ValueError: Module 'layers.0.attention' not found in model. The FQN is wrong. The error message prints the first 20 available names — check capitalization and the layers.{idx}. prefix (integer keys are stringified by ModuleDict).

store.get(name) returns None. The hook never fired. Either the forward pass didn’t reach that layer (PP rank?), or the module returned a non-tensor/non-tuple. See Tuple outputs.

RuntimeError: can't convert bfloat16 numpy(). save_activations was called on a bf16 tensor. Cast with .float() first — see Dtype caveat.

Host RAM OOM mid-run. You’re capturing too many layers × samples. Cut max_samples, reduce layers, or slice the seq dim inside a custom extraction loop before appending to results.

Memory leak across repeated extract_representations calls. Make sure ActivationStore.disable() is being called. The helper does this in a finally block, but if you’re using the class directly and an exception fires before disable(), the hooks stick around on the model and every future forward captures into the stale store.

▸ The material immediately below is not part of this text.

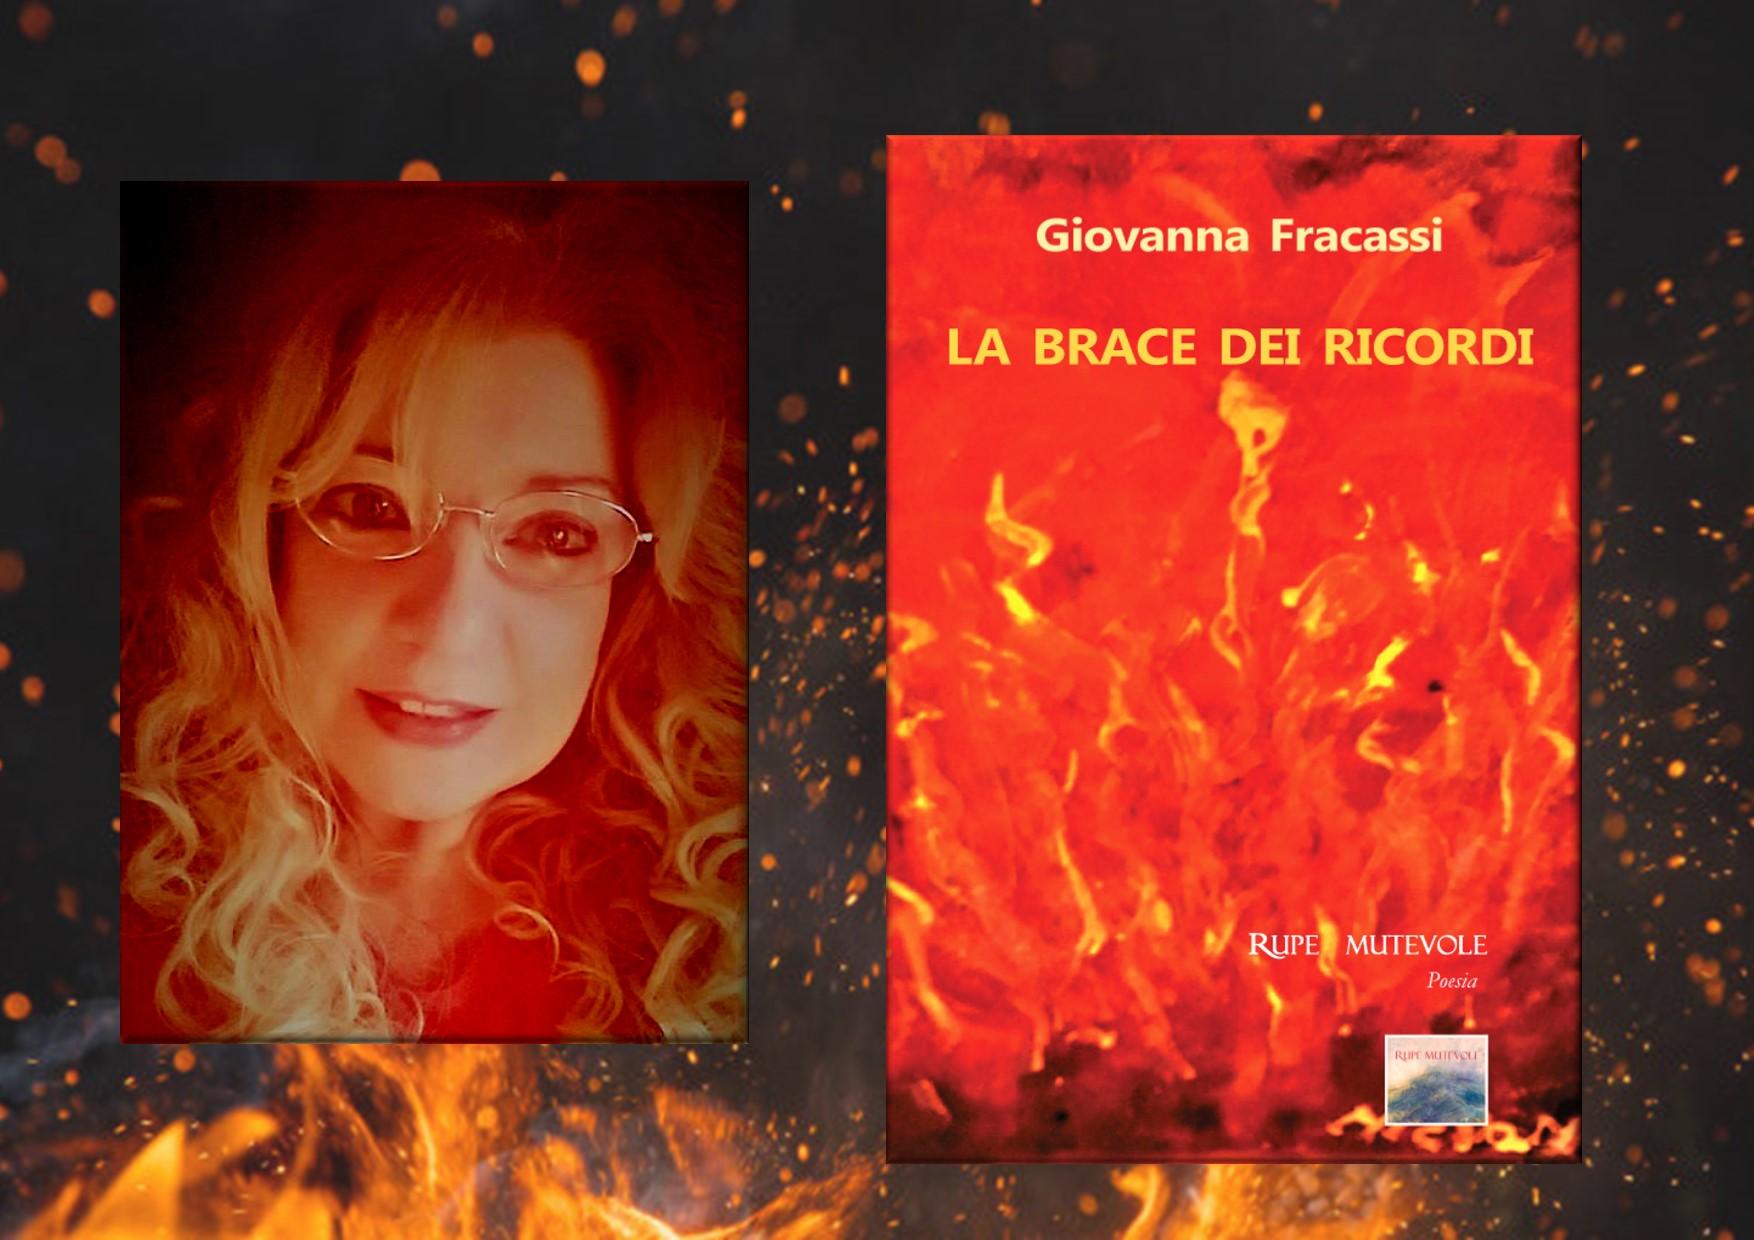 La brace dei ricordi – Giovanna Fracassi

Always wrap manual use in try / finally.

See also

  • Generate from checkpoint — the registry.get_model + dcp.load pattern used above to load a checkpoint into a single-GPU model.

  • Architecture § Model — the layer FQN layout (layers.{i}.attention, layers.{i}.mlp, etc.).

  • Data § Datasets — the dataset class used in the quick-path example; any map-style dataset yielding {"input_ids": ...} works.

  • Training § Hooks — the unrelated training-loop hook interface (TrainingHook). Activation hooks observe the model’s forward pass; TrainingHook observes the training loop.

  • kempnerforge/model/hooks.py — the ~180-line module that defines ActivationStore, extract_representations, and save_activations.